For project background, community discussion, and roadmap, see the wiki project page.

Requirements

Java 11+
OpenMRS Platform 2.8.0+
Webservices REST module 2.44.0+
10GB+ RAM recommended (for LLM inference with the default 8B model)
Elasticsearch 8.14+ (optional, for the hybrid retrieval pipeline; the default embedding and Lucene pipelines require no external services)

Setup

1. Build

mvn package

The .omod file is in omod/target/.

2. Download the LLM model

Download Llama 3.3 8B (Q4_K_M quantization) in GGUF format (~5GB) from Hugging Face.

Place the .gguf file inside the OpenMRS application data directory (e.g., <openmrs-application-data-directory>/chartsearchai/). Model paths are resolved relative to this directory for security.

Available models:

Model	RAM Needed	Chat Template	Download
Llama 3.2 3B	~6GB total	`llama3`	GGUF
MedGemma 4B	~5GB total	`gemma`	GGUF
Llama 3.3 8B (default)	~10GB total	`llama3`	GGUF
Mistral Nemo 12B	~12GB total	`mistral`	GGUF

MedGemma is a medical-domain fine-tune of Gemma 3 by Google, trained on clinical text comprehension — it may produce more accurate clinical answers than general-purpose models of similar size. Larger models produce more accurate answers with better instruction following. Smaller models use less RAM but may produce lower quality responses. To switch models, update chartsearchai.llm.modelFilePath and chartsearchai.llm.chatTemplate — no rebuild needed.

3. Download the embedding model

If embedding pre-filtering is enabled (default), download the all-MiniLM-L6-v2 ONNX model (~90MB) from Hugging Face. You need both model.onnx and vocab.txt from the repository.

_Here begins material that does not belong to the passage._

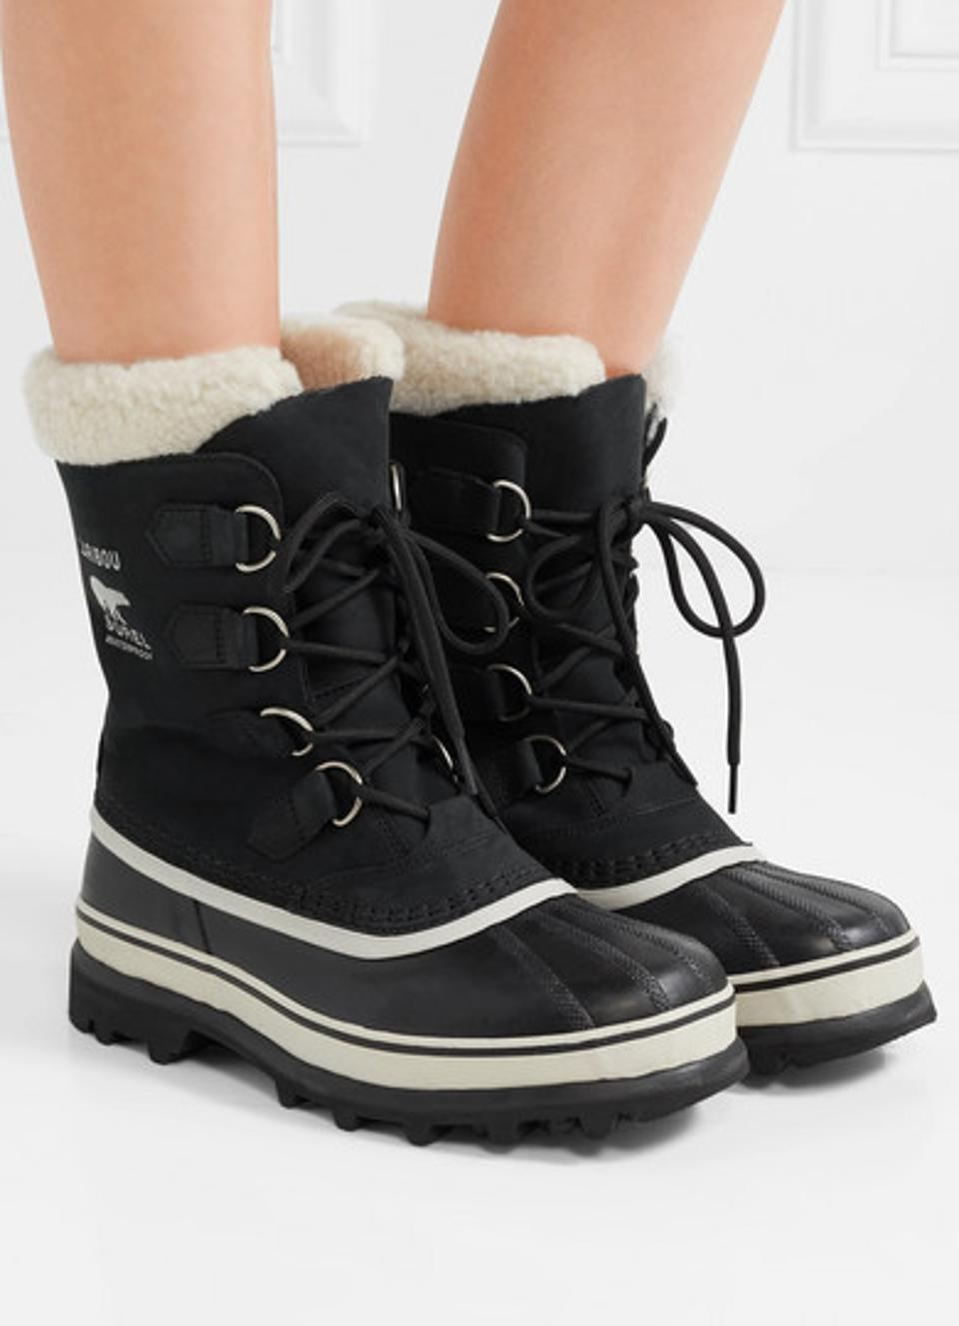 Sorel_Best Womens Winter Boots

Place them alongside the LLM model (e.g., <openmrs-application-data-directory>/chartsearchai/).

4. Install

Copy the .omod file into the modules folder of the OpenMRS application data directory (e.g., <openmrs-application-data-directory>/modules/). The module will be loaded on the next OpenMRS startup.

5. Configure

Set these global properties in Admin > Settings:

Required

Property	Description
`chartsearchai.llm.modelFilePath`	Relative path (within the OpenMRS application data directory) to the `.gguf` model file, e.g. `chartsearchai/Llama-3.3-8B-Instruct-Q4_K_M.gguf`

Retrieval pipeline

Property	Default	Description
`chartsearchai.embedding.preFilter`	`true`	When `true`, uses the selected retrieval pipeline to narrow patient records to the most relevant ones before sending to the LLM. Set to `false` to send the full chart instead
`chartsearchai.retrieval.pipeline`	`embedding`	Selects the retrieval pipeline: `embedding` (default) uses vector similarity via an ONNX model with custom scoring; `lucene` uses Apache Lucene BM25 text search; `elasticsearch` uses Elasticsearch hybrid search combining BM25 text and kNN vector search via Reciprocal Rank Fusion (requires Elasticsearch 8.14+ configured in OpenMRS). All require `preFilter` to be `true`. Records are indexed automatically on first access. Changing this setting takes effect on the next query

Embedding pipeline tuning

These settings only apply when chartsearchai.retrieval.pipeline is embedding (the default). They have no effect on the Lucene or Elasticsearch pipelines.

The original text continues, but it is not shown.